Sarah's face blanched beneath the freckles. “I don't know! His boat went down in a storm. I assume it was an accident.”

“But a convenient one. Never mind! Obviously, this brother had arranged everything long before that, and no one attacked the midwife, who'd have been an even more damning witness.”

“No, not as far as I know. Mrs. Siskin only said that the gentleman behind the whole scheme was a lord who was prepared to pay very good money for a healthy baby boy, especially one with blue eyes and golden hair—”

“Oh, God! Don't tell me!” Guy's chair clattered back against the wall as he leaped up from the table. “This man took the baby down to Devon?”

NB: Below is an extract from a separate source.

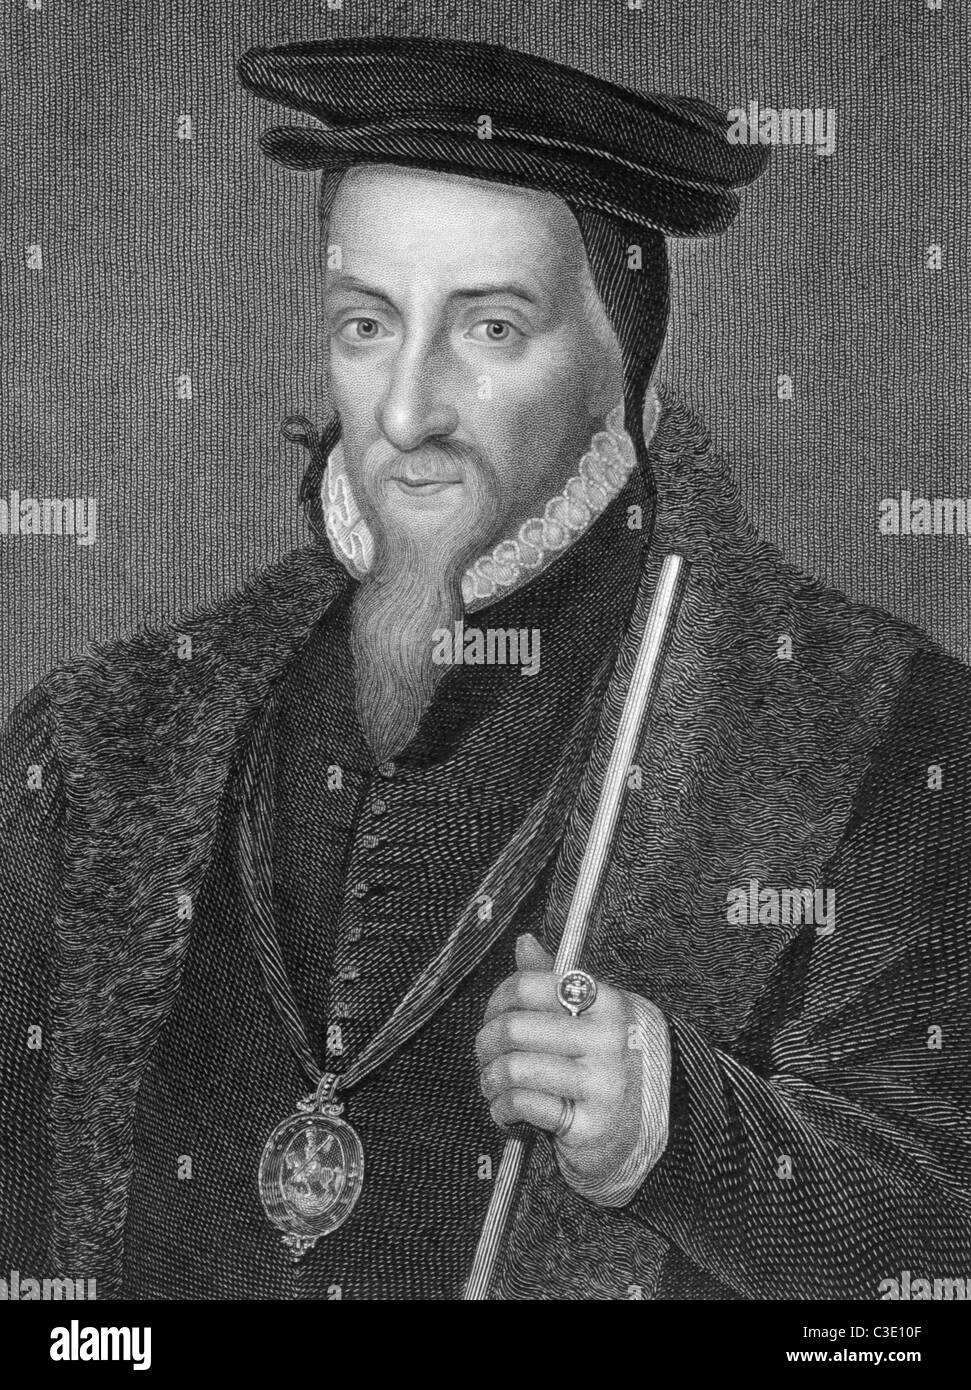 Sir William Paulet (1483/1485-1572) on engraving from 1838. English Secretary of State and statesman. Stock Photo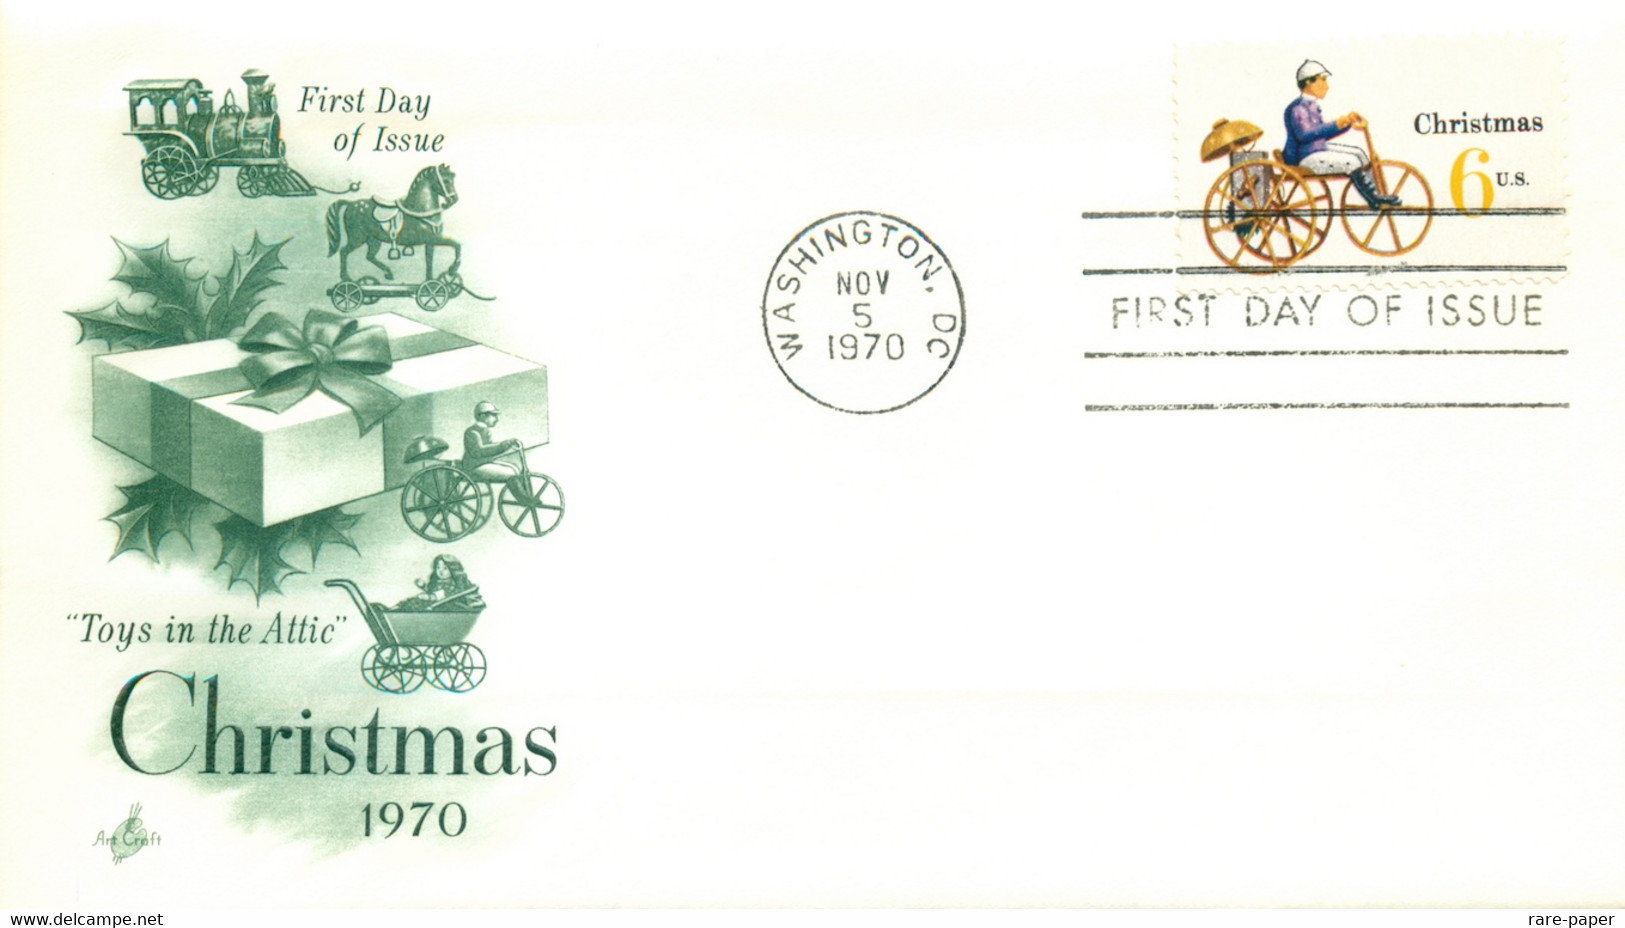 39 x First Day of Issue Covers 1969-1971, USA United States Envelopes

“Yes,” Sarah said. “Mr. Croft and Mr. Medway were raised together in Stonebridge: same mother, different fathers.”

“So Croft was Falcorne!” Guy spun about to face her. “Did the child die later?”

“No,” she said. “I believe that he's still very much alive, and so does Rachel—because Mrs. Siskin wrote to tell her so, right after her sister died last April.”

“And Rachel left me the day the news of that fact arrived in Hampstead?”

Sarah smoothed out the list of names, her fingers stroking the crumpled paper, though Guy had already committed each one to memory. “She had to go after her little boy as soon as she knew. Any woman would.”

“What the hell difference would another day or two have made? If I hadn't been away at Birchbrook—if she'd waited, if she'd told me—I could have helped her!”

She looked up, her eyes desolate, but she cut a slice of bread and beef, and set it on a plate.

“You should eat,” she said. “Men always need to eat.”

Guy laughed, but not from mirth. “Thank you—I'll eat later. Let me get this straight: when the baby was first stolen, Mrs. Medway and her husband were sworn to secrecy, but as she lay dying—over a year later—the midwife begged her sister, this Mrs. Siskin, to contact Rachel to tell her the truth?”

“Yes.” Sarah refilled Guy's coffee cup. “Mrs. Siskin swore to all of this on her Bible.”

“How the devil did she know where Rachel was living?”

“She didn't. But Mrs. Medway left her sister a little legacy for the purpose, and Mrs. Siskin hired an investigator, who discovered that Rachel's letters were being sent via Grail Hall.”

“And no one ever forgets her.” Merely from habit, Guy sipped at his coffee. “So this investigator found the servant who'd been acting as Rachel's go-between—the same one Jack interviewed—and that boy sent him to Bath, where he discovered that Rachel's letters were now coming from Hampstead. After which, he managed to unmask Harvey Penland, and the rest was easy. The man should work for British Intelligence.”

“Apparently he did, years ago,” Sarah said with a dry smile. “On the Peninsula, under Wellington. So Mrs. Siskin was able to tell Rachel that Mr. Croft had taken the baby to Devon, which is why she went down there that Easter.”

Guy set his cup on the table and choked down some bread. He must keep up his strength. He was going to be forced to do some more very hard riding very soon.

“Yet she didn't know who had the baby?”

“No,” Sarah said. “Mrs. Siskin only knew that he was being raised as the son of a very wealthy man, who could give him every advantage in life. Yet how can that compensate for stealing a newborn from his mother and telling her he was stillborn?”

“It can't,” Guy said. “Because the child must be either Lord Berrisham or little Master Norris. However, Croft would never have admitted to anything, and as soon as Rachel confronted him, he warned his master. So that's when Rachel first came to the attention of the man we've been calling Daedalus—”

“It's Lord Moorefield,” Sarah said. “I'm certain of it.”

Guy strode back and forth, vaguely aware that his wet boots squelched on the carpet.